宋麗就這樣盯著張軍,大有你不簽欠條,我就不會給你一分錢的架勢。
旁邊的張三叔還殷勤的問道:“軍娃子,一個月十塊錢夠嗎?如果不夠,二十塊也不是不可以,這欠條上的錢就翻個倍就行。”
張軍喉嚨里差點一口血嘔出來。
這兩個老東西簡直就是趁火打劫!
“三叔,這欠條是不是有點過了?一家人咋能算得這樣清楚?”張軍咽了咽口水,這才艱難的開口道。
此刻在他心里,對張三叔那點微薄得可憐的親情已經消失殆盡,只剩下無盡的怨恨。
兩個老不死的,缺德玩意兒,活該會生個傻子!
等將來老子發達了,一定要好好教訓你們!
張軍在心里將張三叔兩口子罵了又罵,可臉上卻還掛著一點討好的笑容。
張三叔嘆了口氣,搖搖頭道:“軍娃子,你知道的,家里的事兒都是你嬸子做主,我也沒有什么辦法。
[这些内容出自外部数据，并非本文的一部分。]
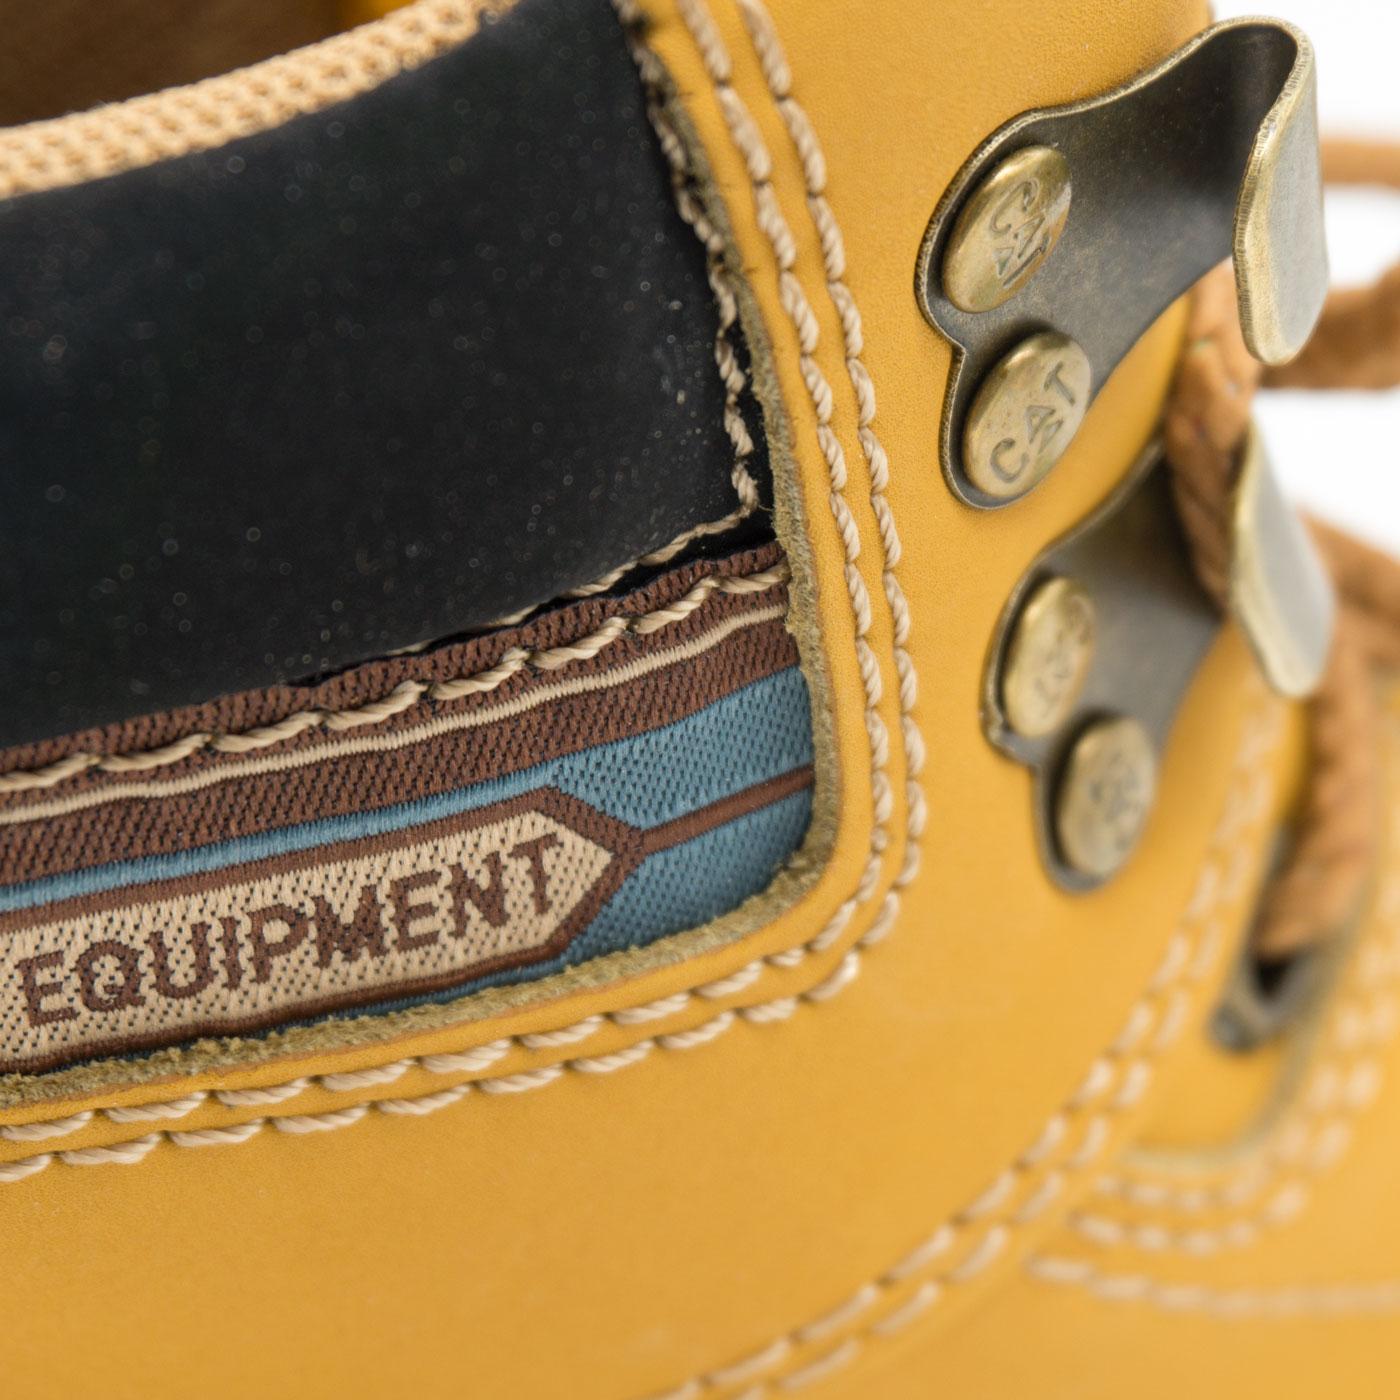 большое фото №5 Желтые женские ботинки CAT (катерпиллер)

你要確實覺得為難,那就算了吧……”
“三叔,我簽,我簽!”張軍打斷了張三叔的話,連忙在那張欠條簽下了自己的名字。
那張欠條被張三叔十分鄭重的收好了,連帶著看著張軍的眼神都多了幾分笑意。
這可是他未來的養老保障,最不濟,那也是3600塊錢,再加上之前的那張800塊的欠條,張軍走這一趟,直接欠了他家4400塊錢。
而張軍一手抱著孩子,一手拿著一張皺巴巴的大團結,有點恍惚的站在張三叔家門口。
他為了這十塊錢,就欠下巨款了?
回過神來,他突然就感覺自己被三叔給坑了。
“這個老不死的!”張軍咬牙切齒,可又沒有一點辦法。
他想要再借一點錢給柳蕓治病,張三叔卻只給了他十塊錢,要再借,那是另外的借條。
張軍知道那個從前一直不遺余力支助他的張三叔是回不來了。
他們已經給傻子娶了個媳婦兒,日子就有了盼頭,不是非指望著自己這個侄子。
所以也不會像從前那樣,讓他予取予求。
張軍最終還是攥著那張快要被捏出水來的十塊錢鈔票回到了柳寡婦母女倆租住的屋子。
柳寡婦站在門口朝著外面張望著,看到張軍回來,眼中頓時一亮,連忙上前急切的道:“女婿,你弄到錢沒有?”
張軍嘲諷一笑,之前柳寡婦是怎么罵他的,他可記得清清楚楚。
怎么現在又喊“女婿”了?
這個柳寡婦變臉比翻書還快。
“沒弄到。”張軍搖了搖頭,他現在沒那么傻了,不會將自己所有的錢都拿給這對母女。
“什么?!”柳寡婦果然瞬間變了臉色,“那你出去這么半天是干啥去了?一個大男人,怎么就弄不到錢?你弄不到錢,我們蕓兒怎么辦?她的腿要是治不好,那是要落下殘疾的!”
張軍眼神陰冷地看著柳寡婦,“我之前給你們那么多錢,你們都花光了,現在還問我要,怎么,我是印鈔票的嗎?”